====== DATA TO PROCESS

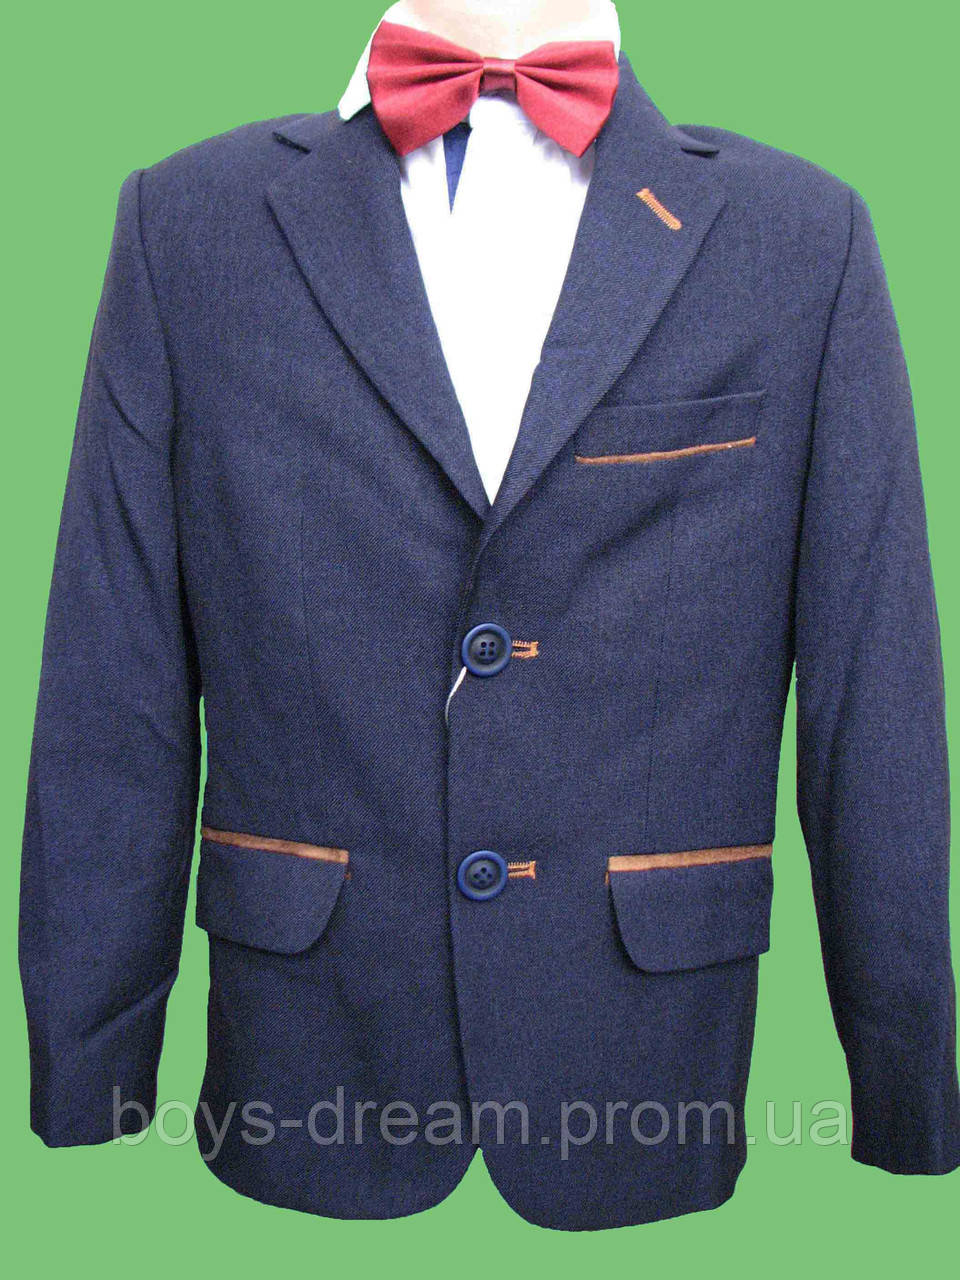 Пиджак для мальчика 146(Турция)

============
====== DATA TO PROCESS

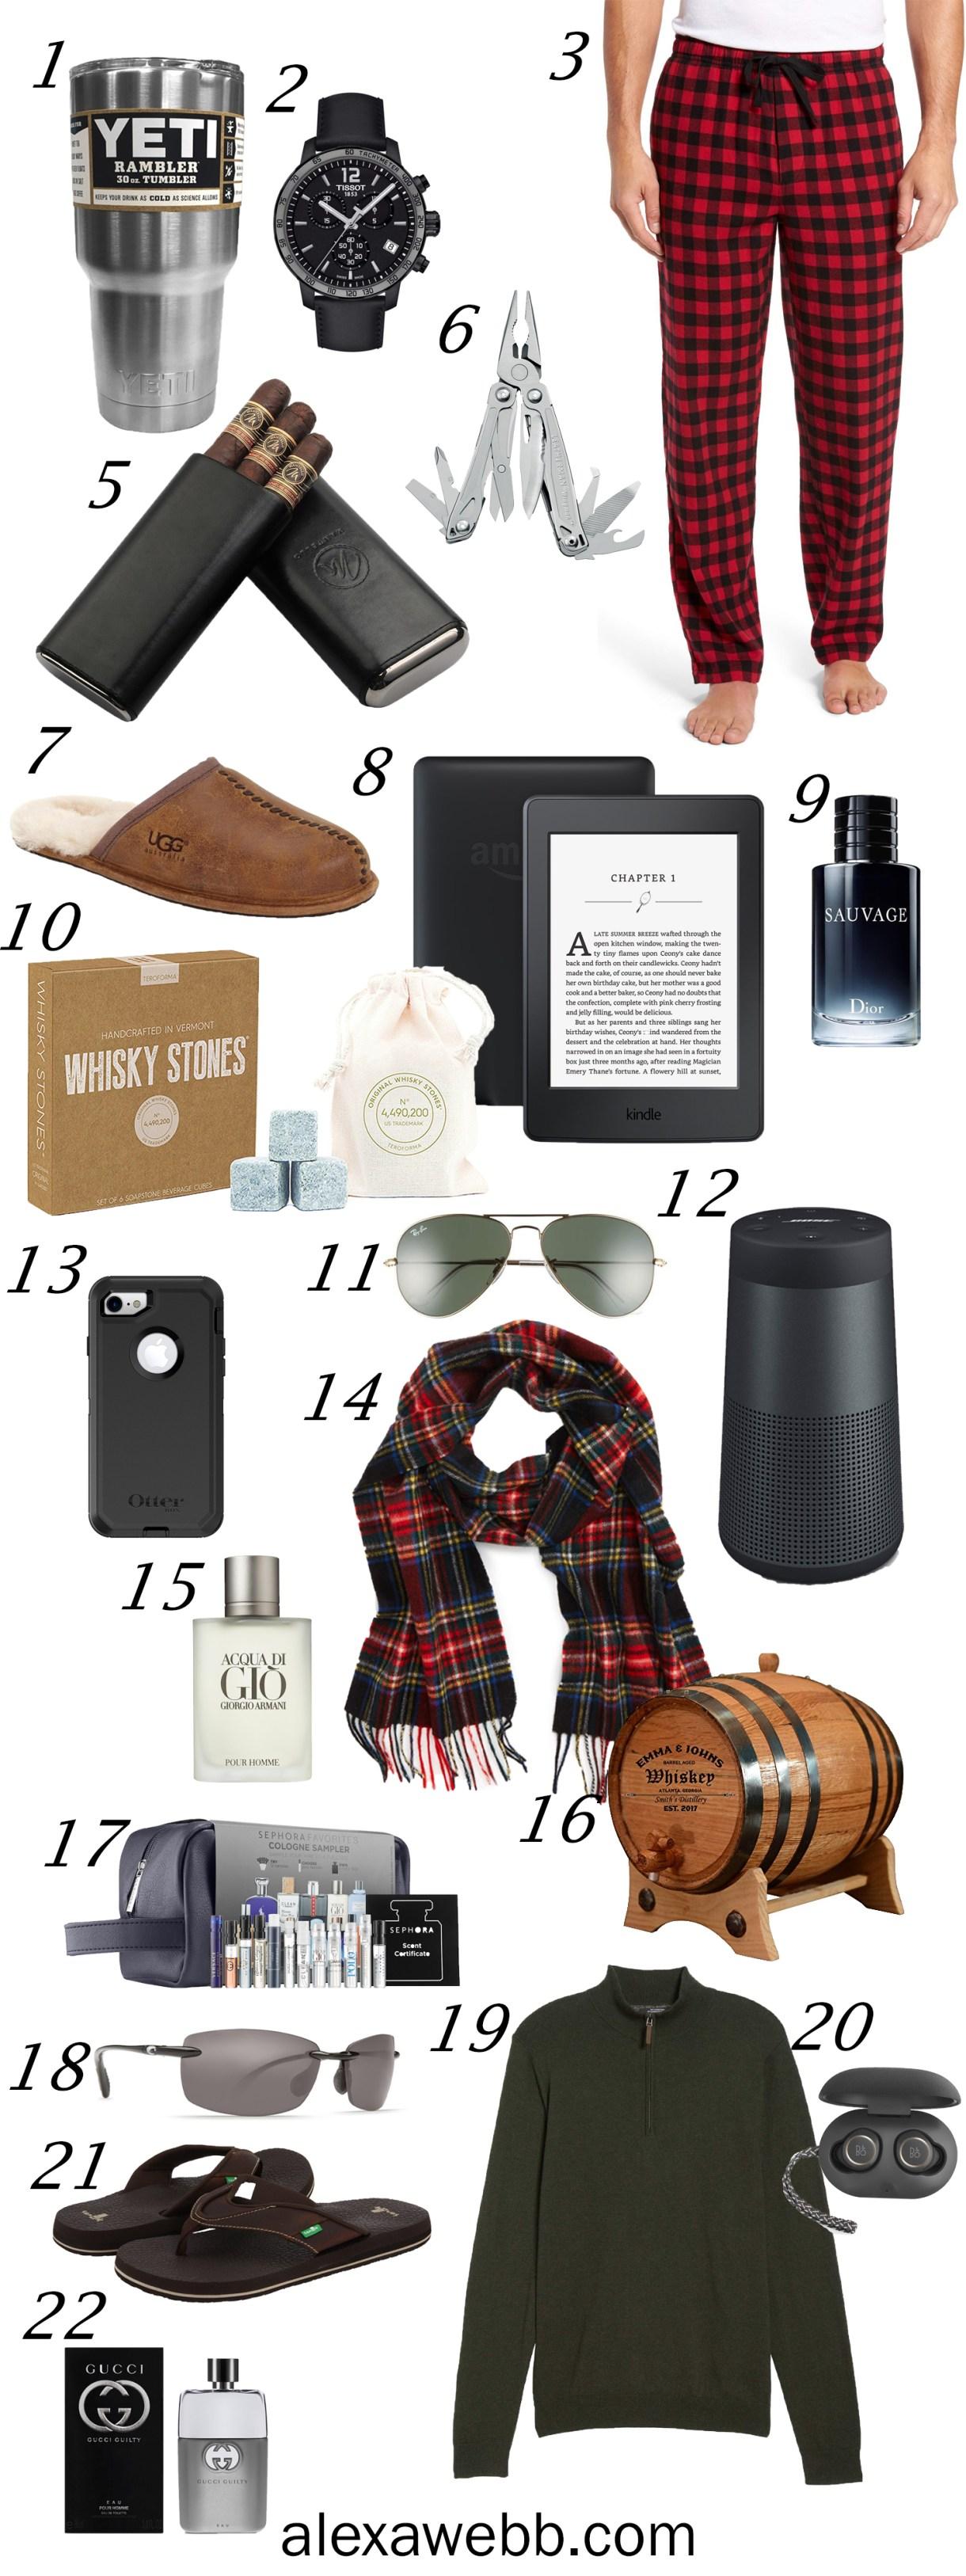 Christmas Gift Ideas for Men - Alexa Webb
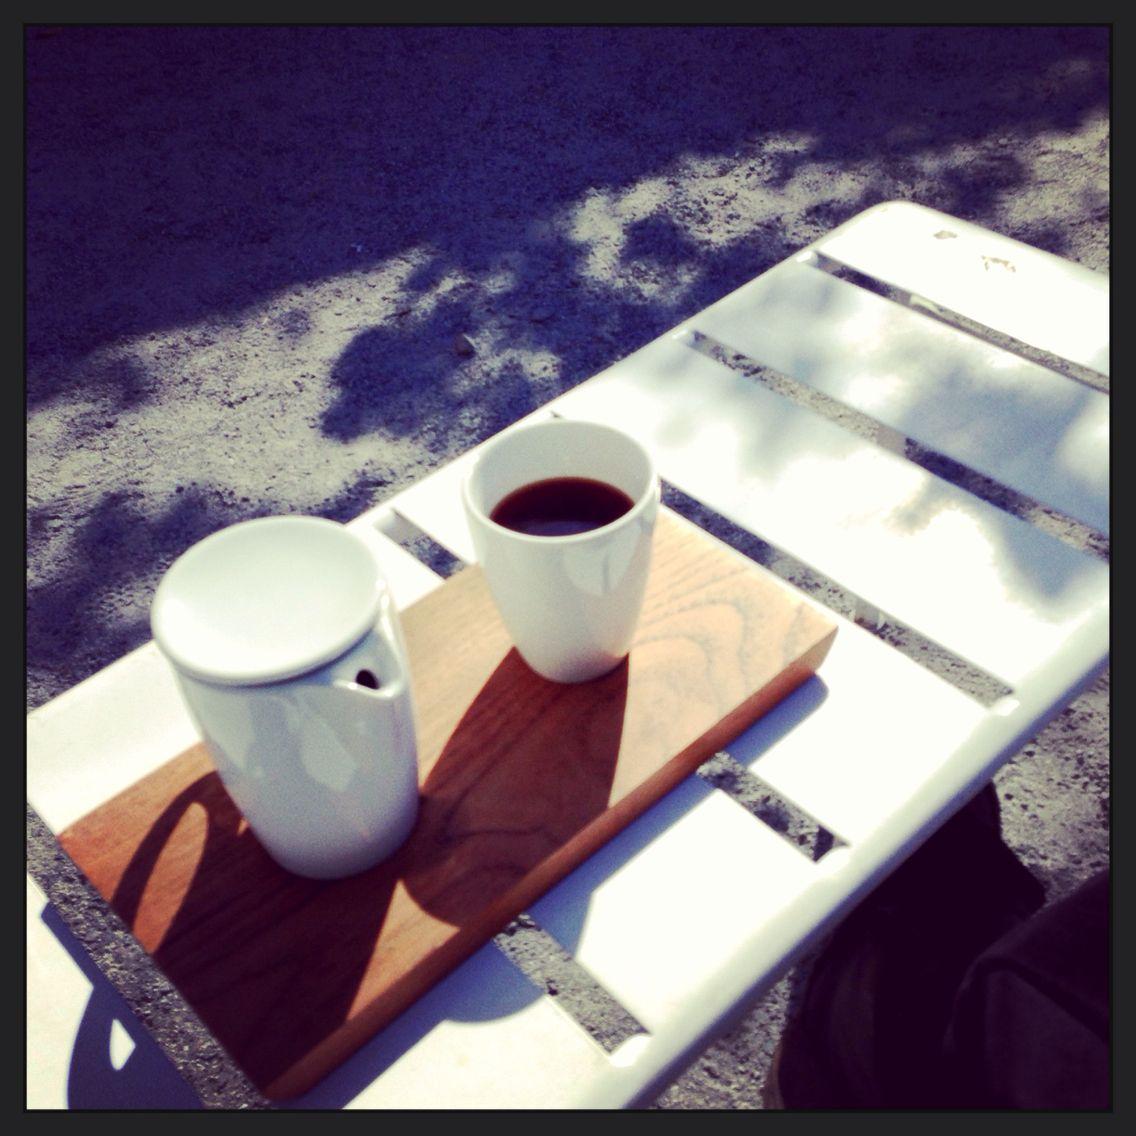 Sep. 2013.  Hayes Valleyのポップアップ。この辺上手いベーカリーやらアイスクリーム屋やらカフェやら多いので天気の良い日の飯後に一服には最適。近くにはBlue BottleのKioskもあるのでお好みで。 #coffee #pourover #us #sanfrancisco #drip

============
====== DATA TO PROCESS

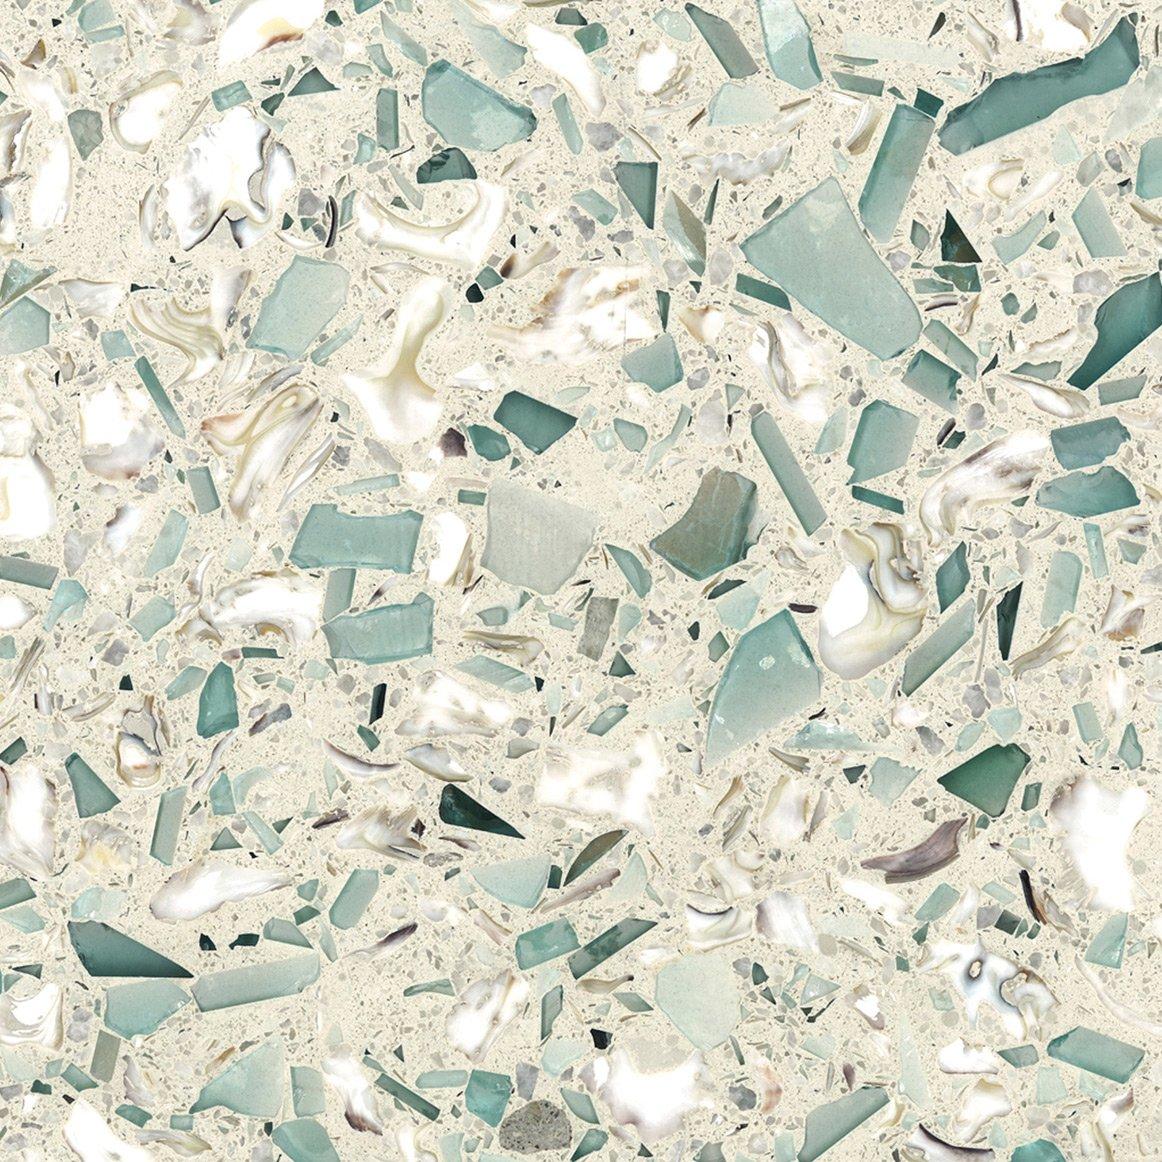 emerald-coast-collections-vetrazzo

============

WHAT NEEDS TO BE DONE: What is needed is an exact copy of only the lines above from the one with "Christmas Gift Ideas for Men - Alexa Webb" to the one with "#us #sanfrancisco #drip", both kept, with every picture left out.

OUTPUT OF THE EXERCISE:
 Christmas Gift Ideas for Men - Alexa Webb
 Sep. 2013.  Hayes Valleyのポップアップ。この辺上手いベーカリーやらアイスクリーム屋やらカフェやら多いので天気の良い日の飯後に一服には最適。近くにはBlue BottleのKioskもあるのでお好みで。 #coffee #pourover #us #sanfrancisco #drip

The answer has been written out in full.